Supplementary Fig. S5

(a) Immunoblotting showing increased nuclear UBE2C in A549/DDP cells compared with its parent cell A549. (b-e) A549 and A549/DDP cells were treatment of DDP, siUBE2C or co-treatment of siUBE2C and DDP at 6 μg/ml for 60 h. (b) Cell proliferation was analyzed by MTT assay. Similar result of cell growth was obtained for H1299 and H1299/DDP cells. (c) The protein of Annexin V was analyzed by immunofluorescent staining. (d) Cellular migration ability was analyzed by cell scratch assay. (e) The protein of E-cadherin and Vimentin were analyzed by immunofluorescent staining. Results were presented as mean ± SD, and the error bars represent the SD of three independent experiments. **p < .01 vs control group.

Supplementary Fig. S6

(a) A549/DDP cells were transfected with control and UBE2C, respectively. The mRNA of UBE2C, ABCG2, ERCC1, HER2, MRP1, KRAS, BRCA1 and MDR1 was analyzed by RT-PCR assay. (b, c) A549/DDP or H1299/DDP cells were transfected with siABCG2–1 or siABCG2–2. (b) The mRNA and protein levels of ABCG2 were analyzed by RT-PCR and immunoblotting assay in A549/DDP cells. (c) The cellular proliferation was analyzed by CCK8 assay in A549/DDP or H1299/DDP cells. (d, e) A549/DDP or H1299/DDP cells were transfected with siERCC1-1 or siERCC1-2. (d) The mRNA and protein levels of ERCC1 were analyzed by RT-PCR and immunoblotting assay in A549/DDP cells. (e) The cellular proliferation was analyzed by CCK8 assay in A549/DDP or H1299/DDP cells.
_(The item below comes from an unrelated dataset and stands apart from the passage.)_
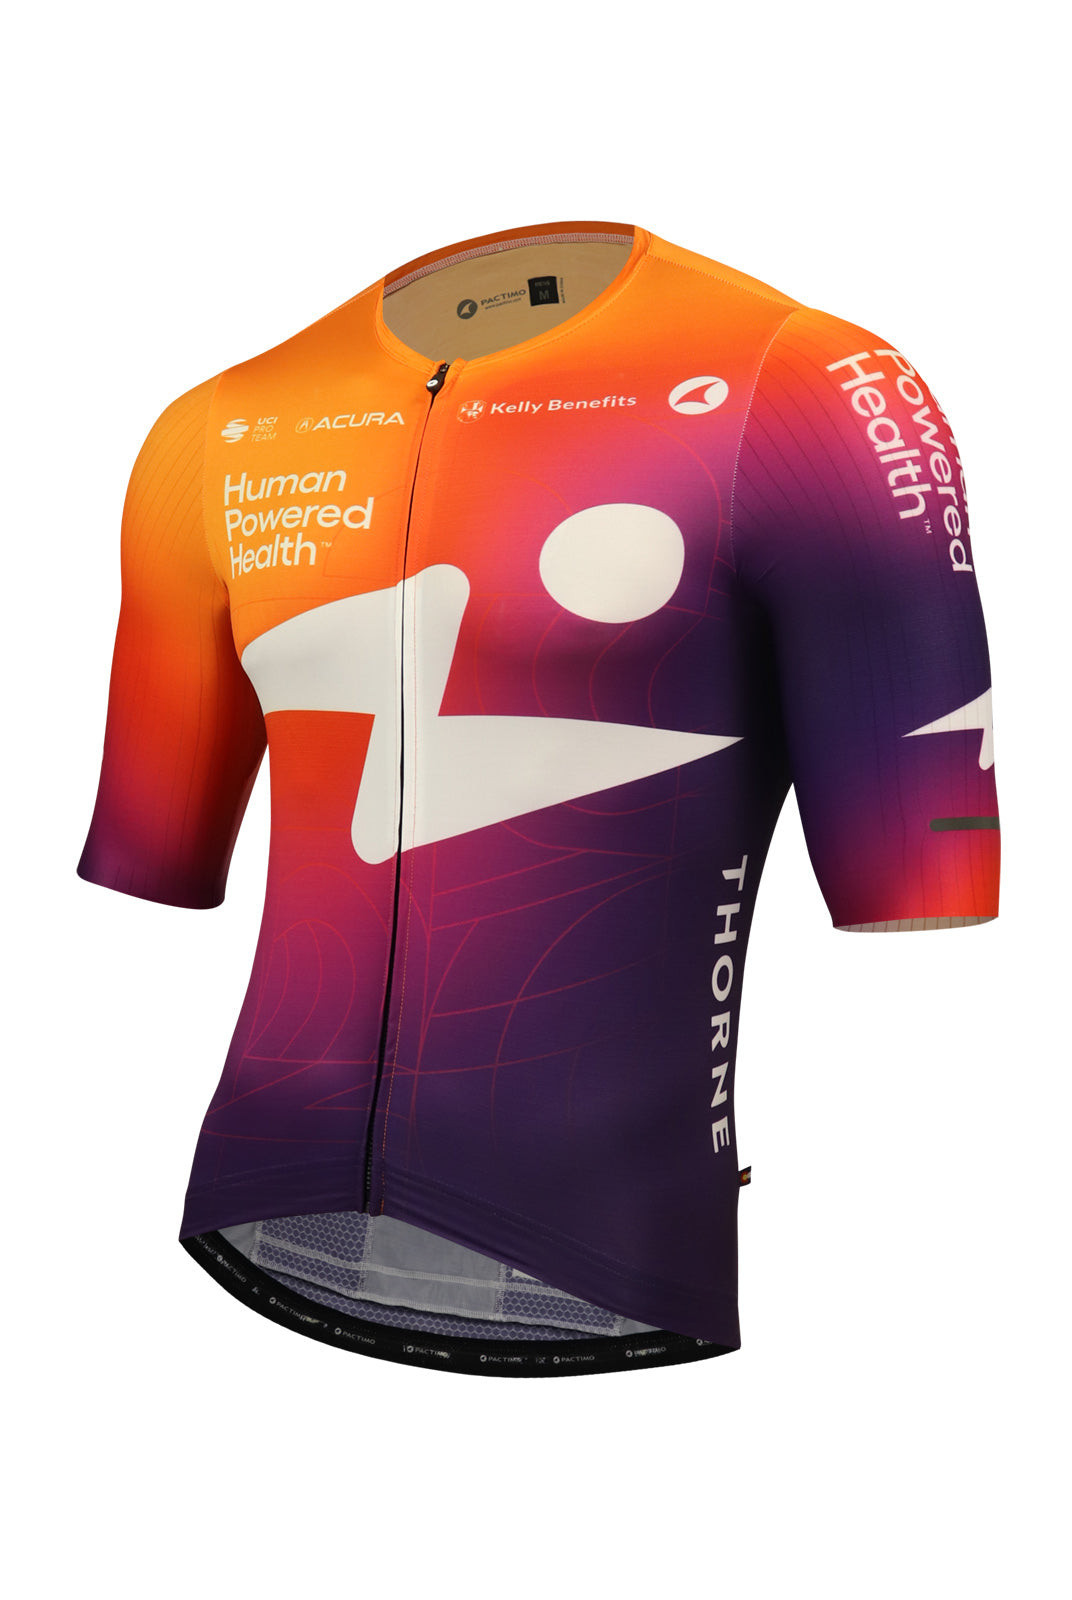 Human Powered Health Aero Cycling Jersey - Flyte Front View

Results were presented as mean ± SD, and the error bars represent the SD of three independent experiments. *p < .05; **p < .01 vs control group.

Supplementary Fig. S7

A549/DDP cells were co-transfected with miR-495 mimics and control or co-transfected with miR-495 mimics and siUBE2C, then treated with PBS or DDP 6 μg/ml for 60 h. The protein of E-cadherin and Vimentin were analyzed by immunofluorescent staining. Results were presented as mean ± SD, and the error bars represent the SD of three independent experiments. **p < .01 vs control group.